Equal justice under law
Viscerally, in this context, we might think “Equal justice under law” should mean that people with criminal records can proceed with their post-sentence lives on a level playing field. But that’s not the case. We need far more equality than now exists in the myriad circumstances that confront those who have paid their dues, reenter society and who attempt to live fulfilling lives in the pursuit of happiness.
There are far more clear answers for what equal justice under law is not, than what it is. There are horrendous challenges, particularly in the way law is crafted and the way the rule of law is applied to people with criminal records, but mostly to felons. We give much lip service to blind justice, which theoretically means our application of law is universal and equal. But, while the “application” of the law must be as universal and as equal as possible, even in its equal application as universal, law can remain a tool of discrimination. Often (not always), the appeal to the universal both presumes and replicates the forms of difference to which it applies.

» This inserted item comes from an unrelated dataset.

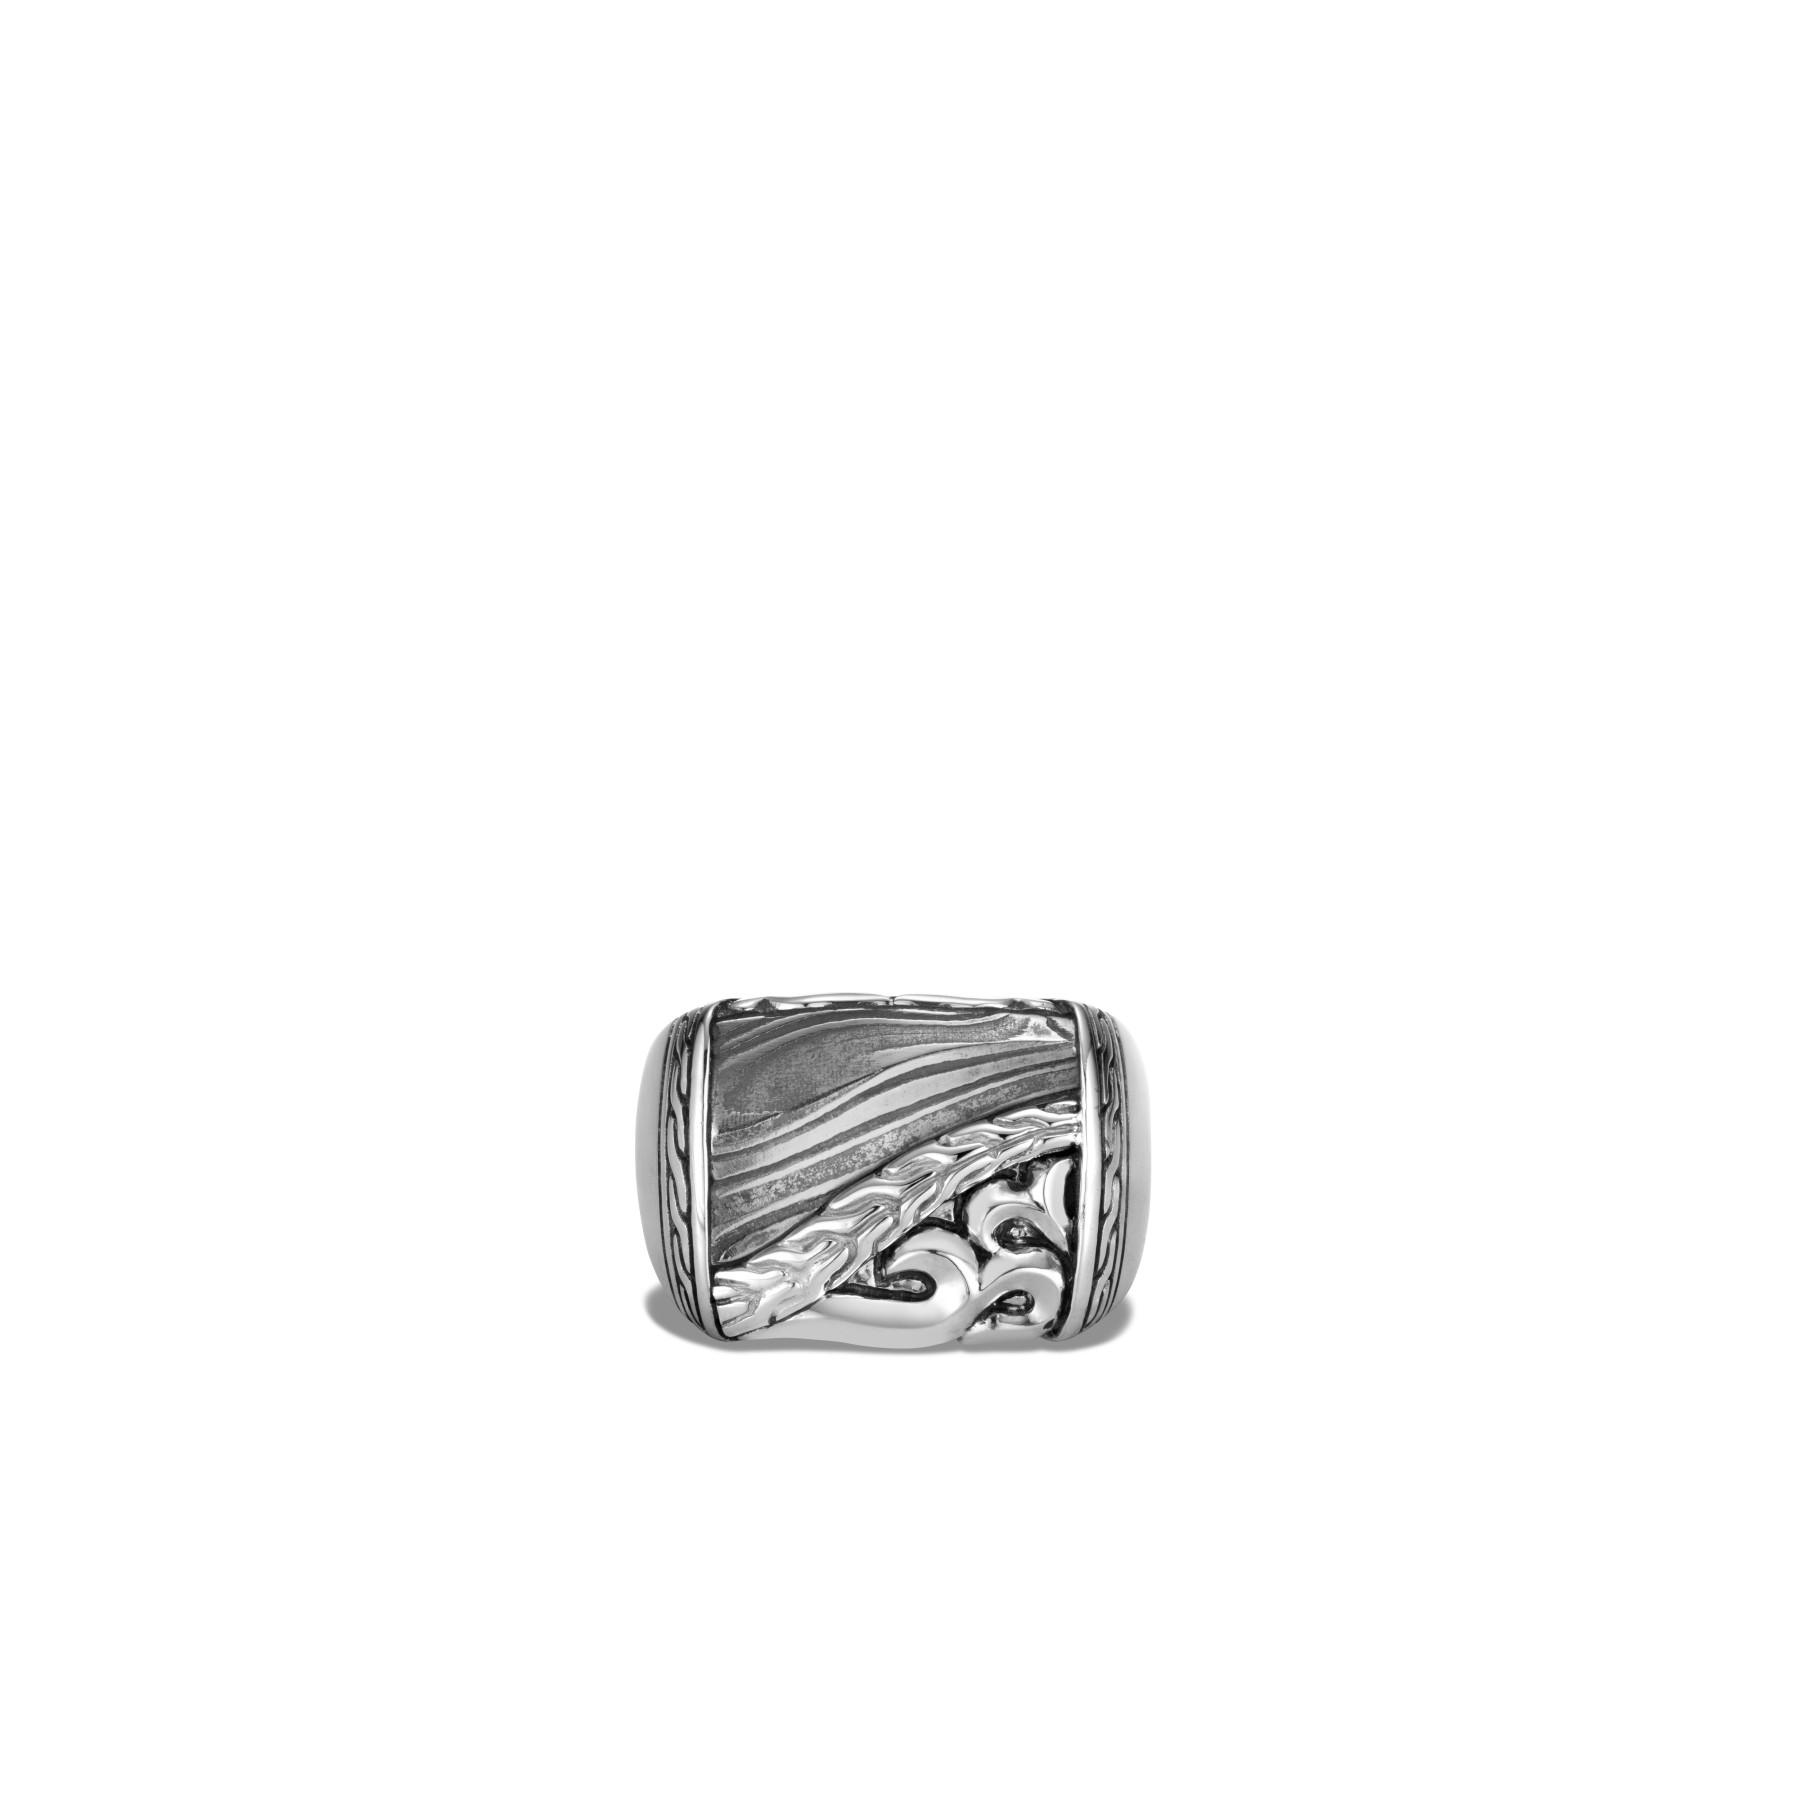 John Hardy Classic Chain Damascus Steel Ring top view

When reminded of our history of disenfranchisement of criminals (including voting and employment exclusions), we see how the problem of racist and classist laws is seldom that they aren’t equally written and applied. Poll taxes and literacy tests are good examples, actually. These laws were carefully written to be “color-blind” in their form and application. A huge problem with most laws that bear on disenfranchisement is precisely that they have failed and continue to fail to take into account difference. These laws did and do their work “through” the equal application of the law to an unequal population.
This is Grand Canyon between “justice” and “law.” We can feel good chanting the mantra of “equal justice under law” as an aspiration, because there is such a thing. The problem, however, is often that equal justice might not be possible through law on its own.
One lesson to take from disenfranchisement in all its forms, is the limit of the law to rectify both historical and current practices that adversely effect economic, educational, and political opportunities. Disenfranchisement knows no race or class boundaries, but it’s impact in all forms, does have a concentrated effect, and reproduces a whole series of boundaries. Especially in a country (and city) like Chicago, where class, race, gender, and sexuality have all been mutually defined through the use of criminalization over time.
We can be impassioned and maybe even unduly optimistic about the notion of advancing “equal justice under law” for felons, but we should be circumspect given the counsel of history. We can embrace projects of universal application of equal laws, but the likely and endless struggle will likely be that just “getting the law right” will be insufficient to end classism, racism, sexism, and the like.
So, we have our well-advised hesitations. This is not easy work.